Good. Let the young have their stats and their algorithms.


Let them chase highlights on phones and argue about law changes in comment sections.

We were there before any of that existed.

We are the sixty somethings who stood on the concrete terraces at Cardiff Arms Park when the rain came sideways and the singing still drowned it out.


We are the ones who watched Jonah Lomu announce himself to the world in ’95 and felt the earth actually shift under our feet.

We remember when the Five Nations became Six and when the game we loved turned professional overnight, and we argued in clubhouses for years about whether that was progress or betrayal (most of us still haven’t fully decided).


We saw JPR run like a gazelle, Blanco dance like a devil, and Campese do things with a rugby ball that should have been illegal.

We were in the stands the day Wilko dropped that goal, and we were old enough to know how many ghosts he carried on his boot when he struck it.
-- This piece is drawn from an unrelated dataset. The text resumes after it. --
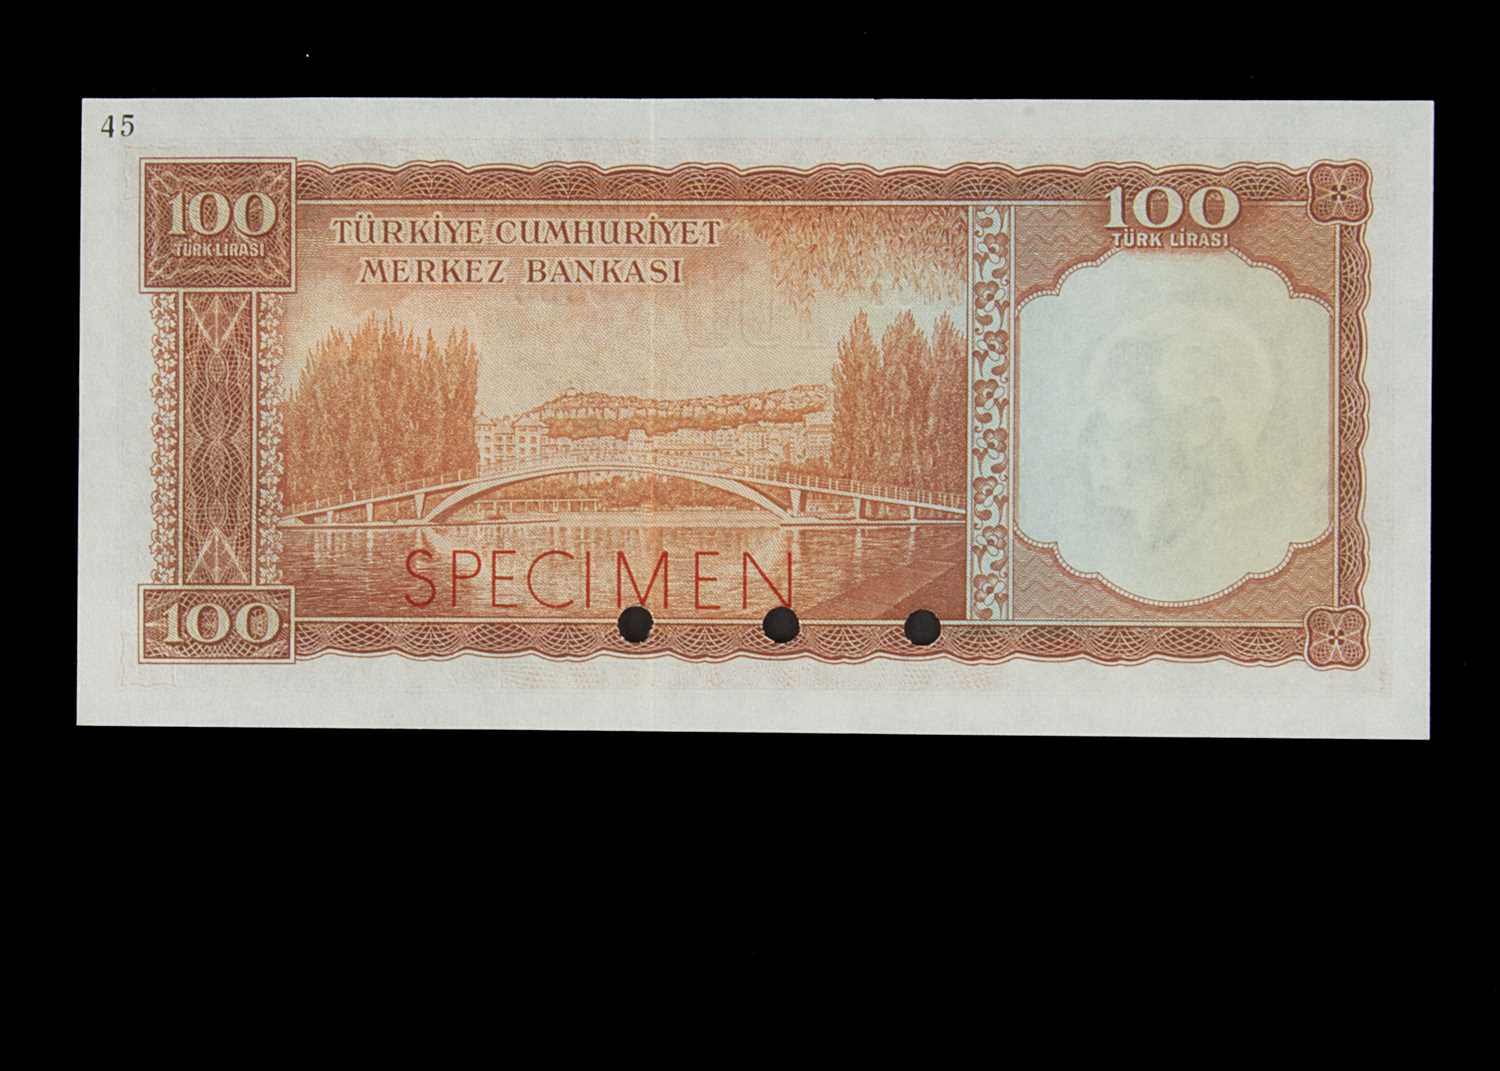 Specimen Bank Note: Turkey specimen 100 Turk Lirasi, - Image 2 of 2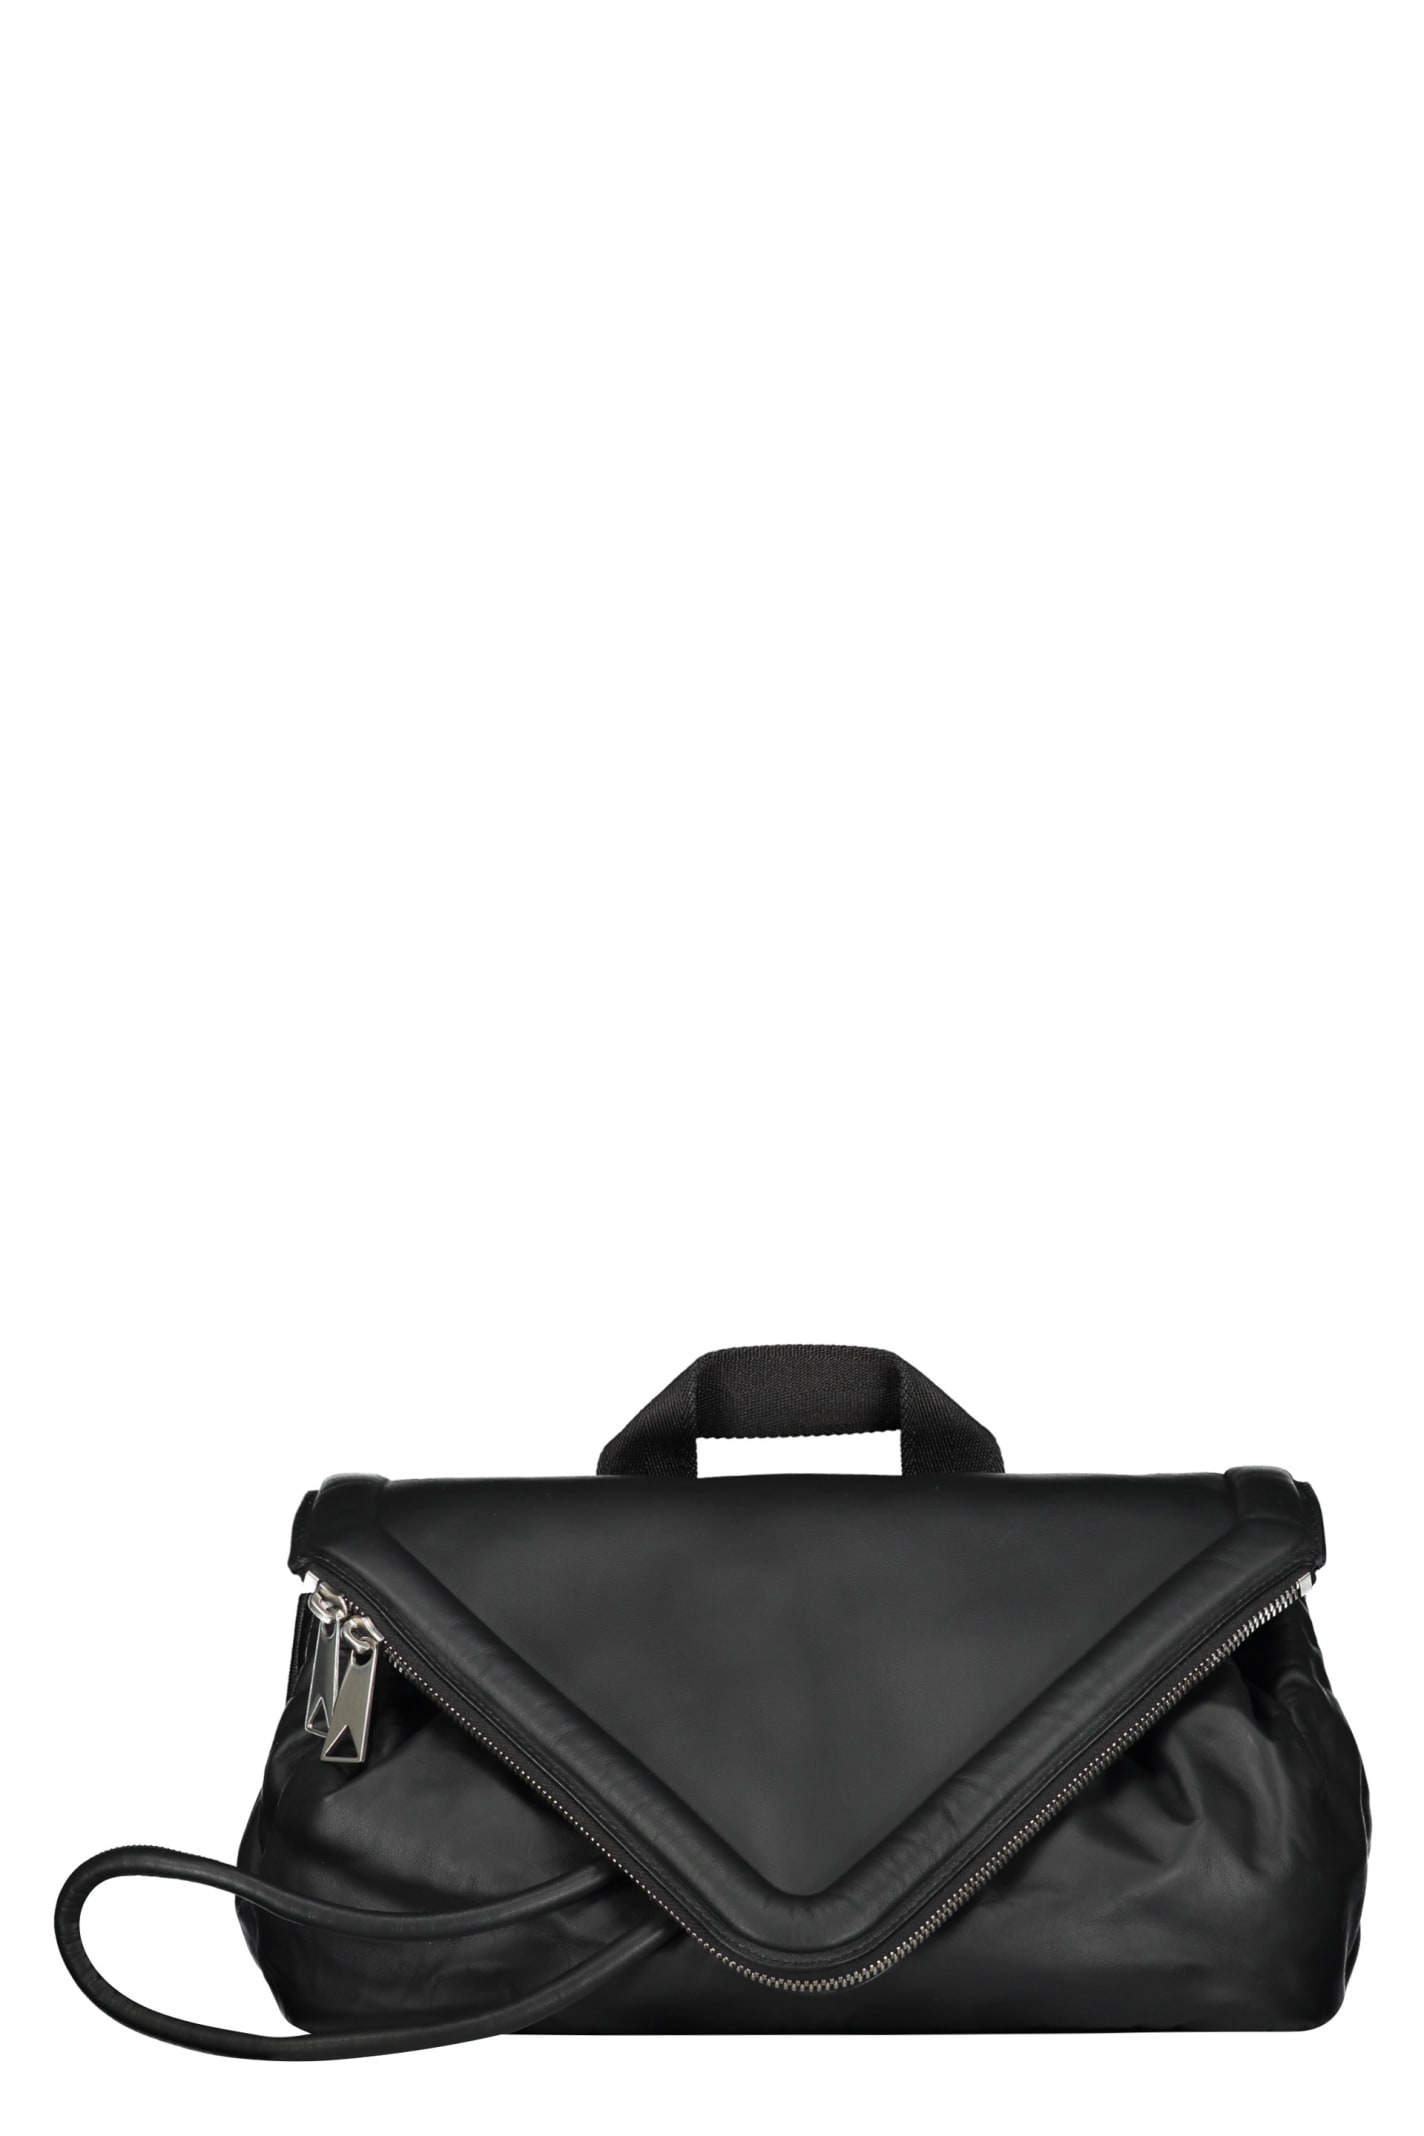 Bottega Veneta Leather Belt Bag In Black

We watched the Springboks come back into the light in ’95 and understood, deeper than any documentary ever could, what the game can mean to a country.


Our voices are slower now, our knees creak on the steps up to the stand, and we might need a minute to remember the exact year of a certain match.

But we remember the smell of wintergreen and wet wool, the taste of warm beer passed hand to hand in the crowd, the way 50,000 people could fall into a stunned, beautiful silence when something impossible happened on the pitch.


We are not relics.

We are the living archive.


Every time we tell a twenty year-old about the time Colin Meads played on with a broken arm, or how Michael Lynagh stole the ’91 World Cup in the dying seconds, or the day a muddy club ground in the middle of nowhere produced a future Lion… we are doing sacred work.


We are passing the soul of the game across generations the way it was always meant to be passed, mouth to ear, heart to heart.

The game will always need new fans, new players, new ideas.


But it will die without memory.

And memory lives in us.


So let the average age be 36.

Let the kids have their analytics and their craft IPAs and their clean stadium seats.


We’ll be over here in the corner of the bar, or under the old oak tree by the clubhouse, or in the cheap seats we’ve had for forty years, telling the stories that can’t be found on YouTube.

We’ll keep the flame until someone younger is ready to carry it.


Because rugby isn’t just a sport.


It’s a conversation that started long before any of us were born and, if we do our job right, will still be going long after we’re gone.


And as long as there’s one old bugger, or woman left who can still tell you what it felt like when McBride’s ’74 Lions were invincible, or when the crowd sang “Flower of Scotland” so loud the stadium shook…the game will be all right.


We’re still here.


Still watching.


Still remembering.


And that, more than any marketing campaign or shiny new tournament, is what keeps rugby alive.


See you at the ground.

I’ll be the one with the grey hair and the stories.


Mark.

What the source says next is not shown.